• Task goal: Beginning with the line below that contains "Perfume Ysl Black Opium Neon Edp 30 ml" and ending with the line that contains "Artwork by Joan", retype every line exactly. Pictures are not copied.

• Records shown:
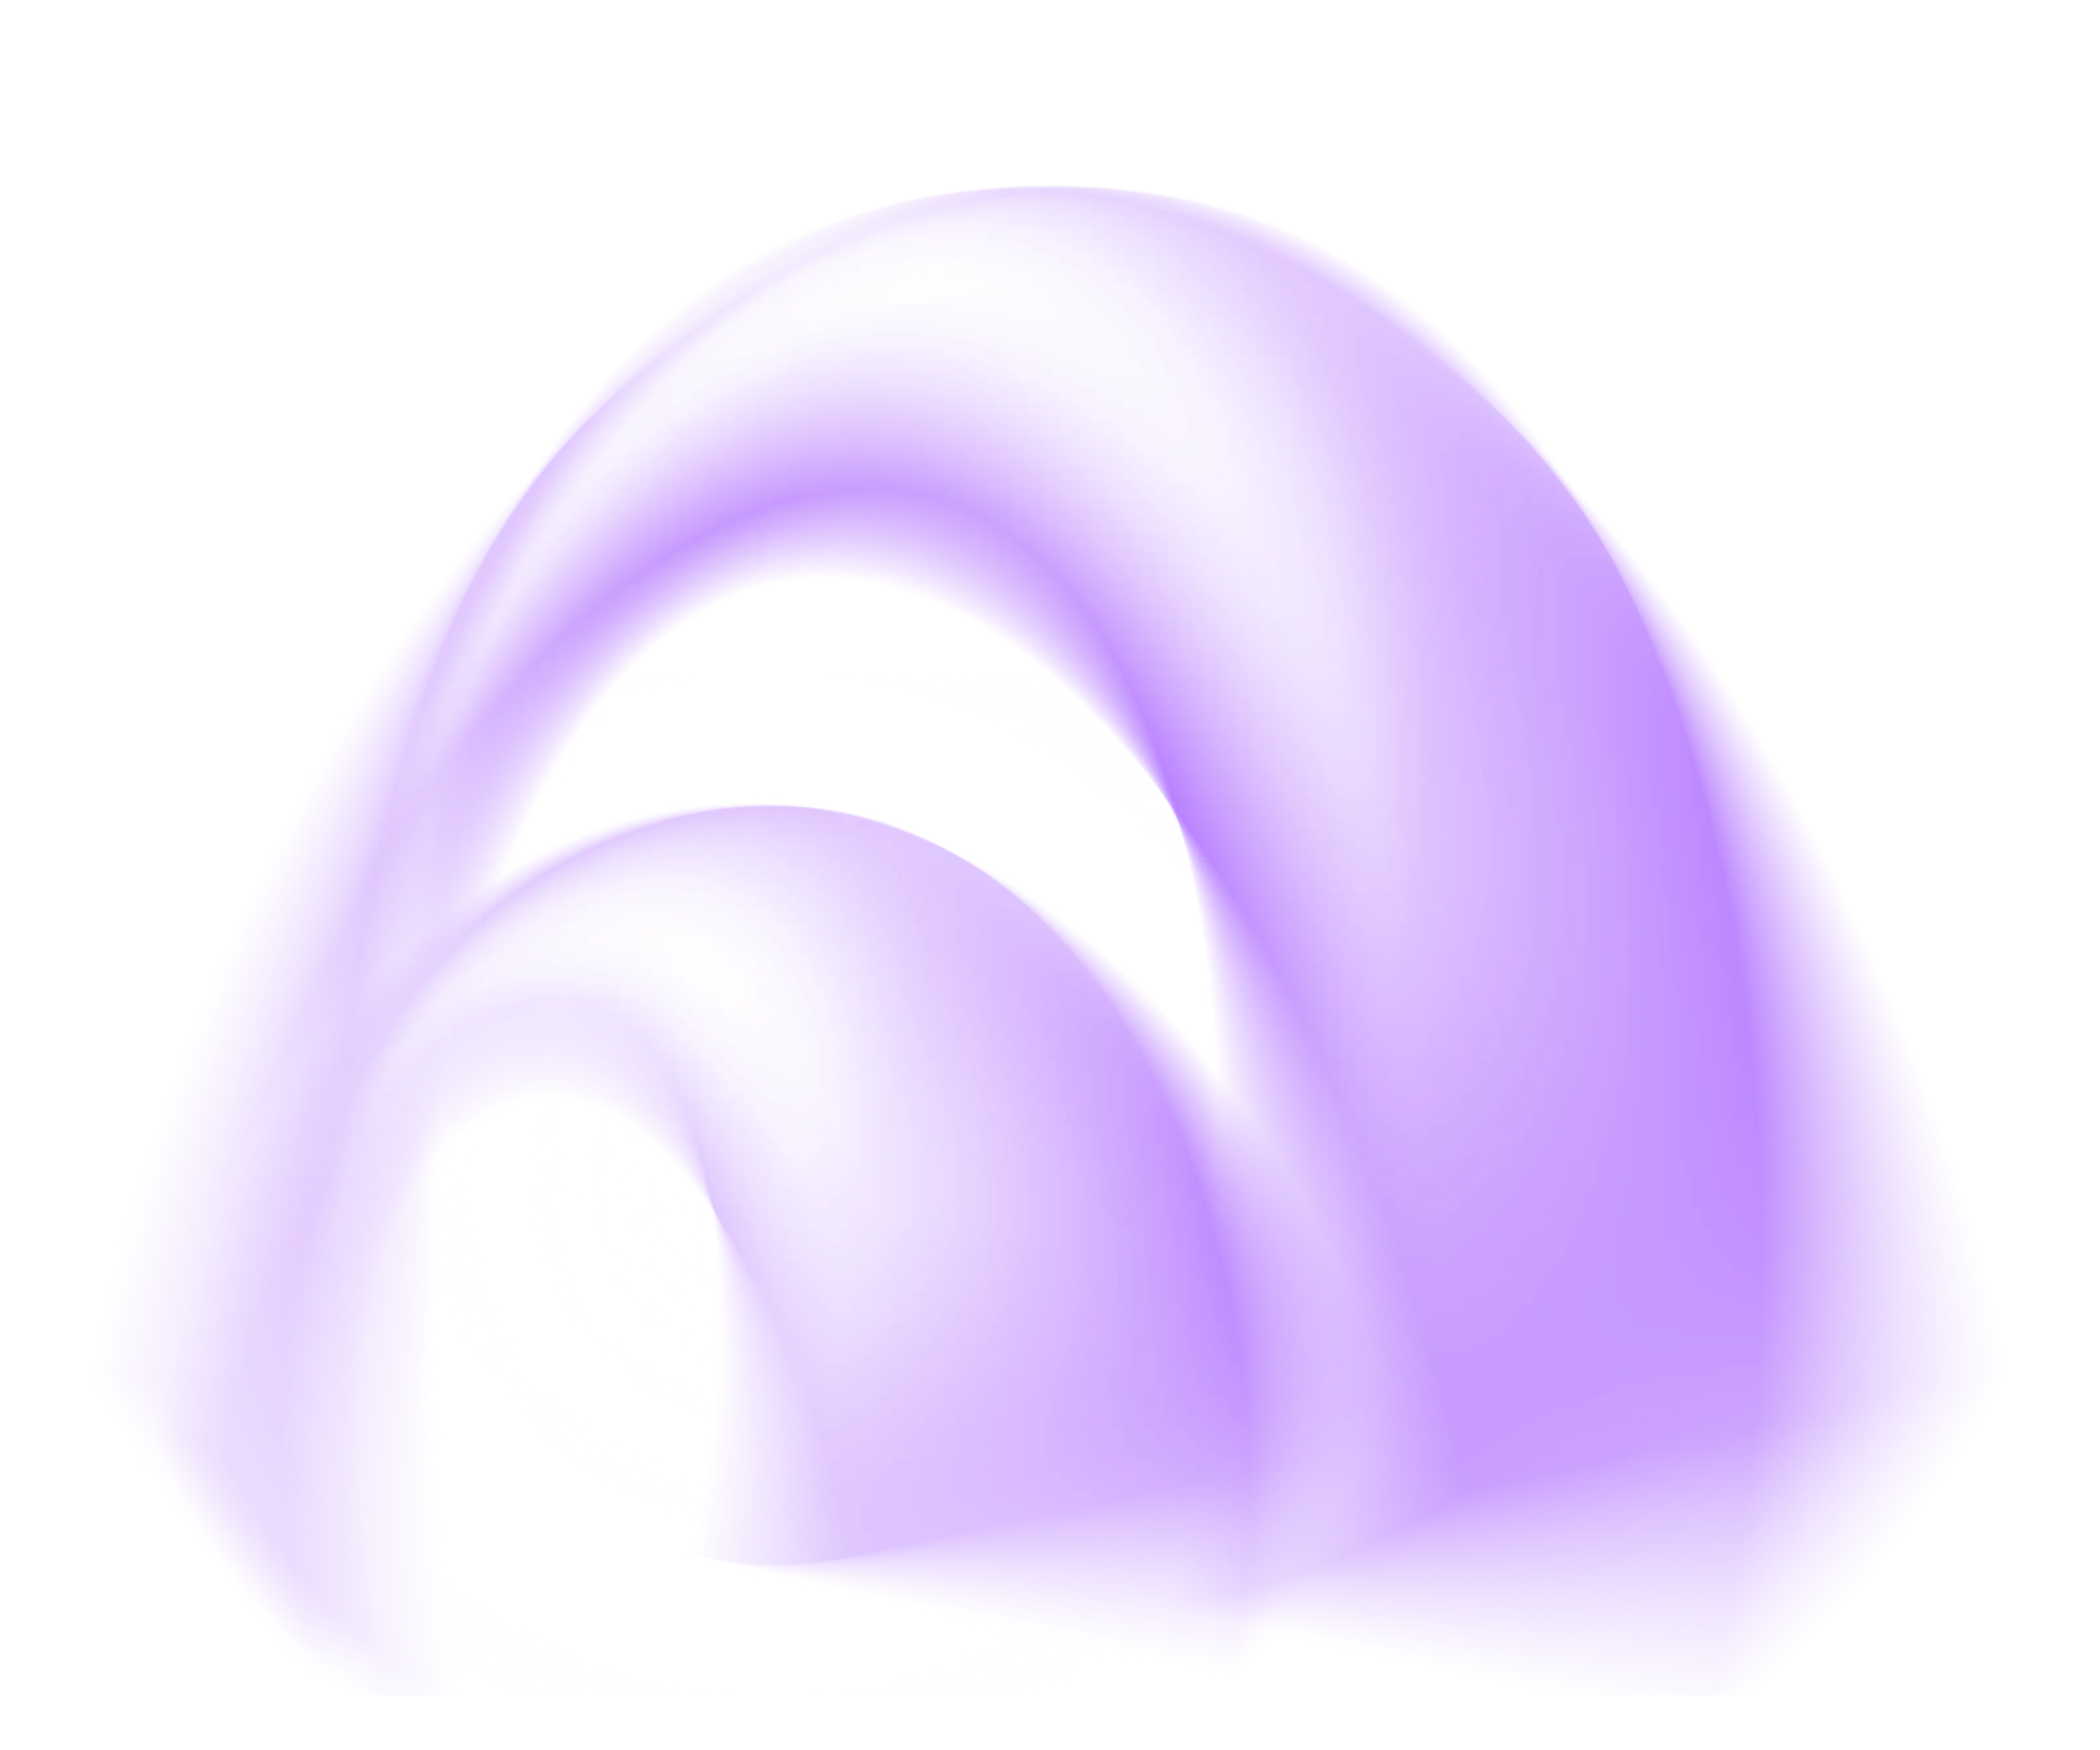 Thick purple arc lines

==

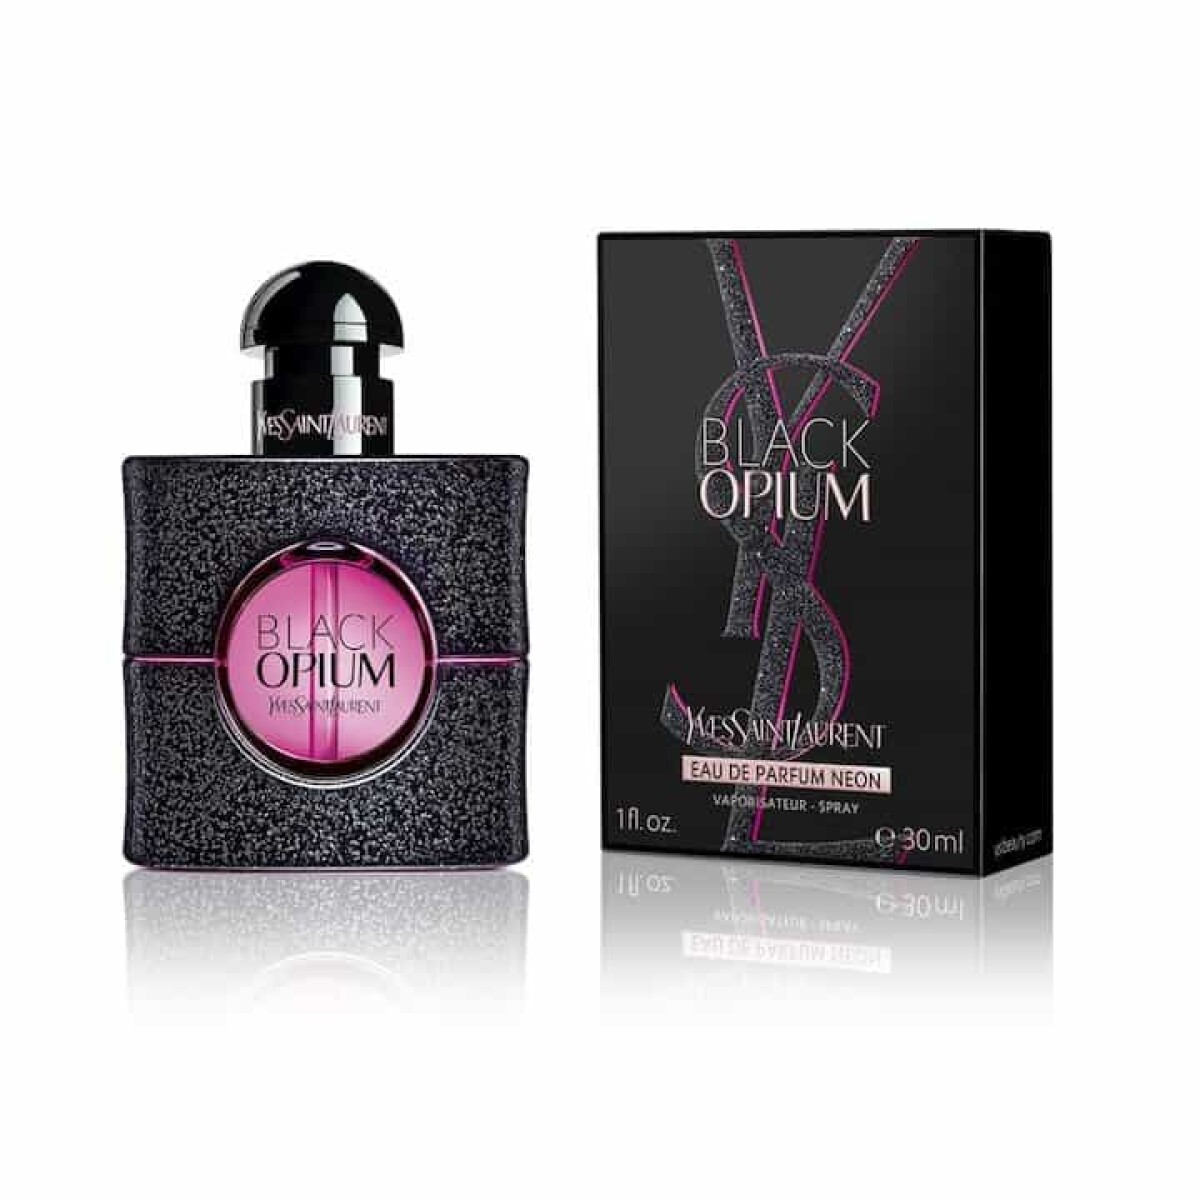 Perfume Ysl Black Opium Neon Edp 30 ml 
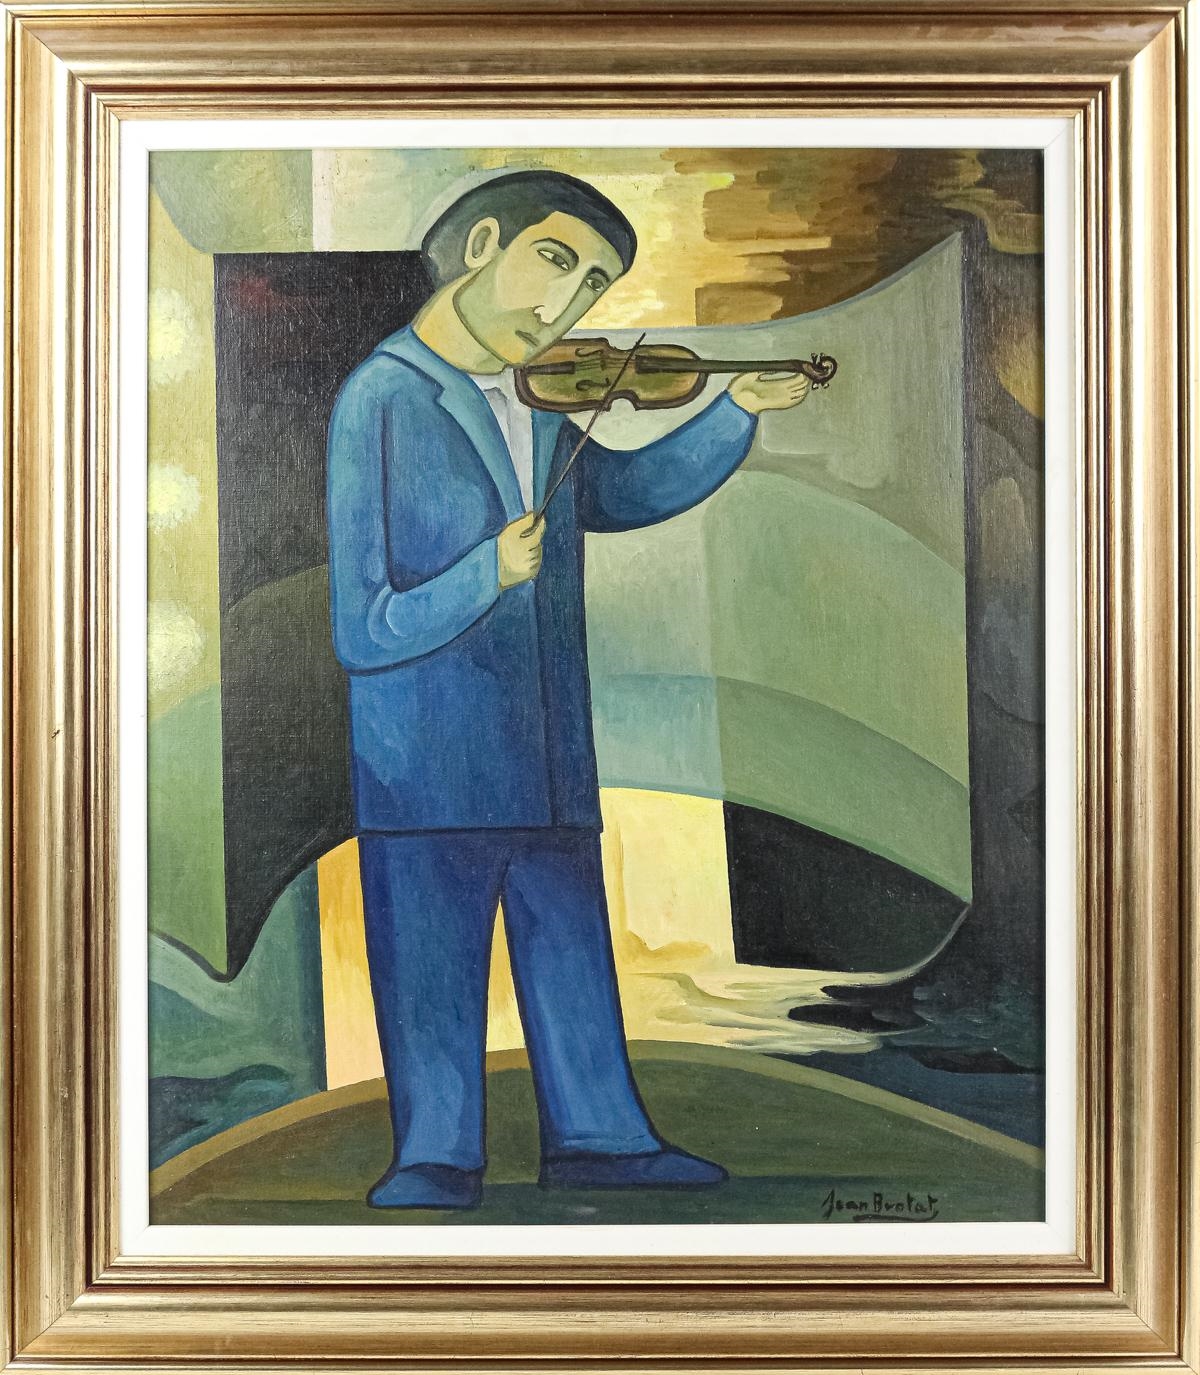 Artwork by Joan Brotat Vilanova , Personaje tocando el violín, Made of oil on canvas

• Task solution:
 Perfume Ysl Black Opium Neon Edp 30 ml 
 Artwork by Joan Brotat Vilanova , Personaje tocando el violín, Made of oil on canvas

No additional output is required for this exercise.